§ Exercise objective:
Give again, unaltered, the lines of the listing below that run from the line having "Buy HIGH STAR" through the line having "Girl horse riding vintage women's tank top".

§ Information:
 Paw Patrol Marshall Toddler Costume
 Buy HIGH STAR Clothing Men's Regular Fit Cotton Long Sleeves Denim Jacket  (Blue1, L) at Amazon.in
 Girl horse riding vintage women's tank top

* * *

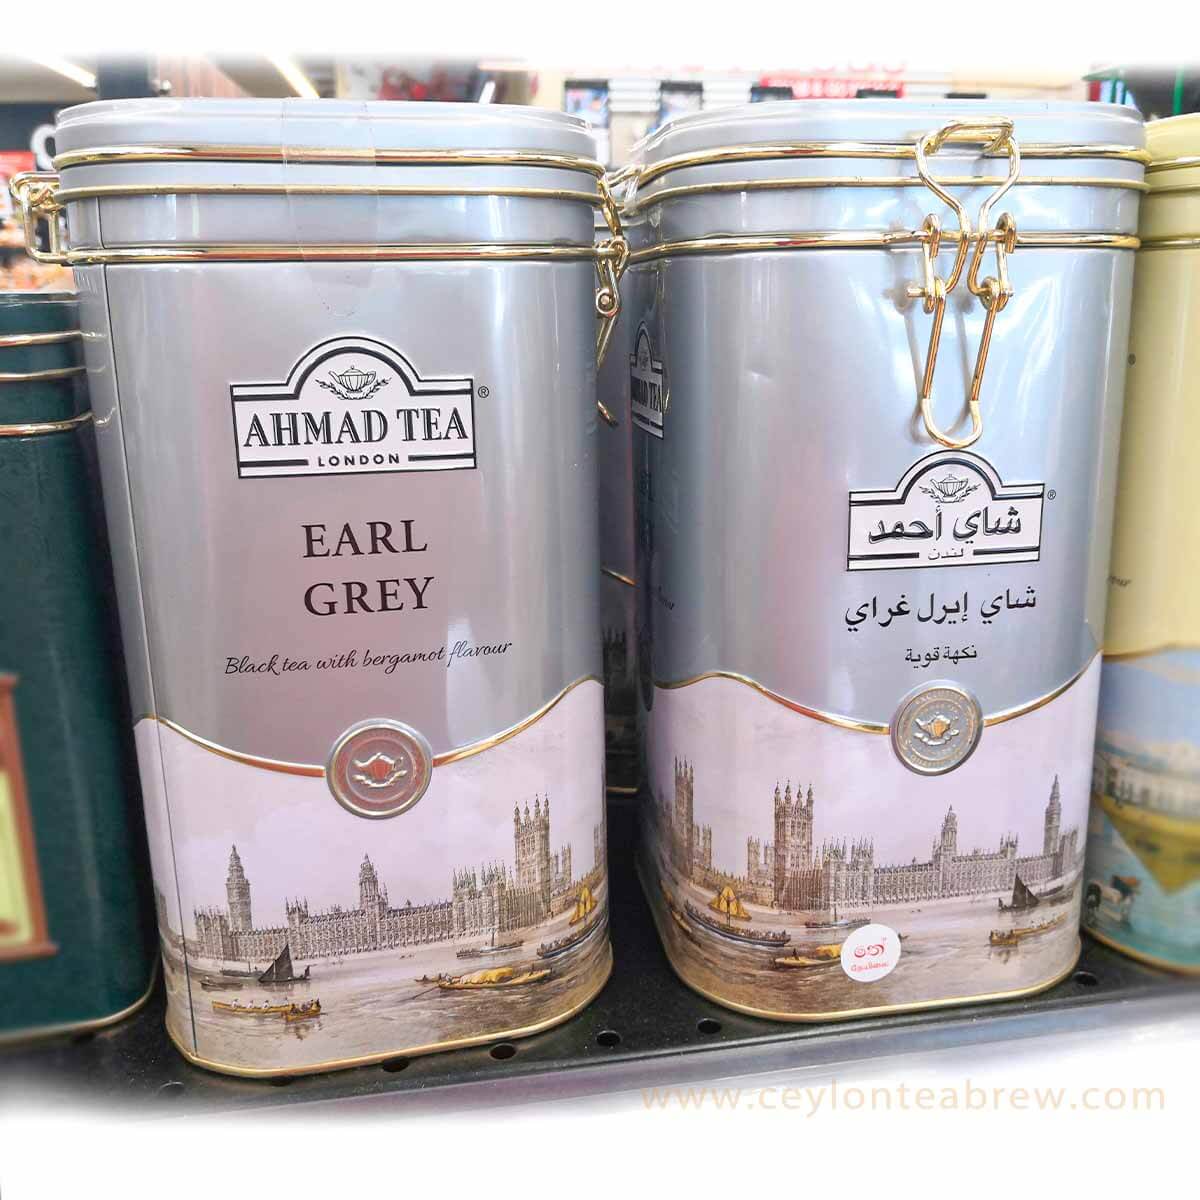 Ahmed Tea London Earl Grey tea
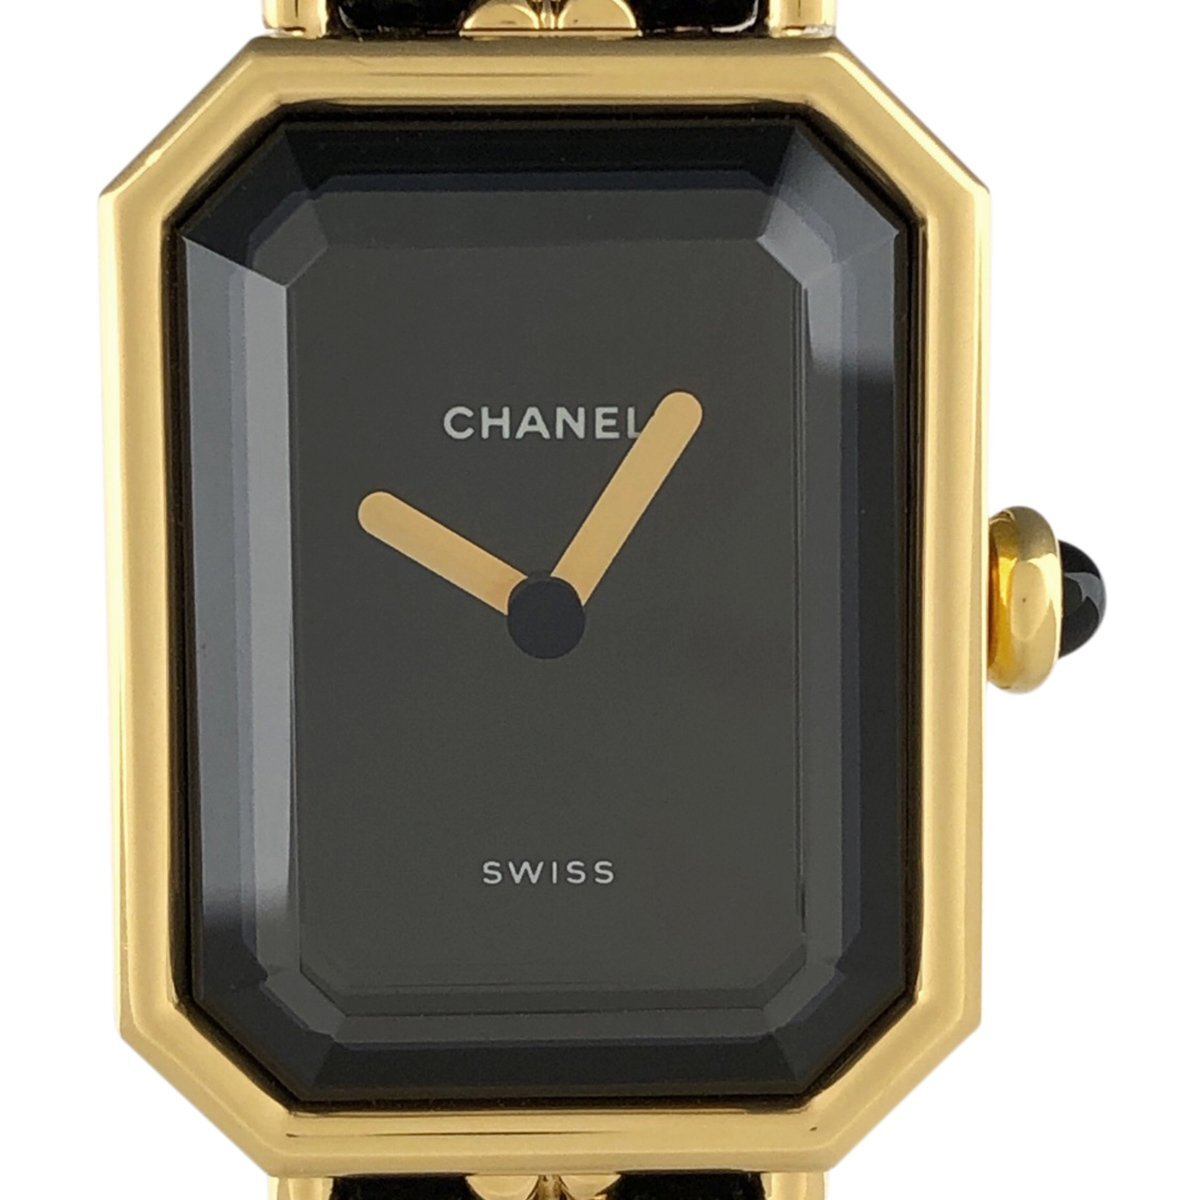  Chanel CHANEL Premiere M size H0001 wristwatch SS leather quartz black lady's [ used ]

§ Answer for this exercise:
 Buy HIGH STAR Clothing Men's Regular Fit Cotton Long Sleeves Denim Jacket  (Blue1, L) at Amazon.in
 Girl horse riding vintage women's tank top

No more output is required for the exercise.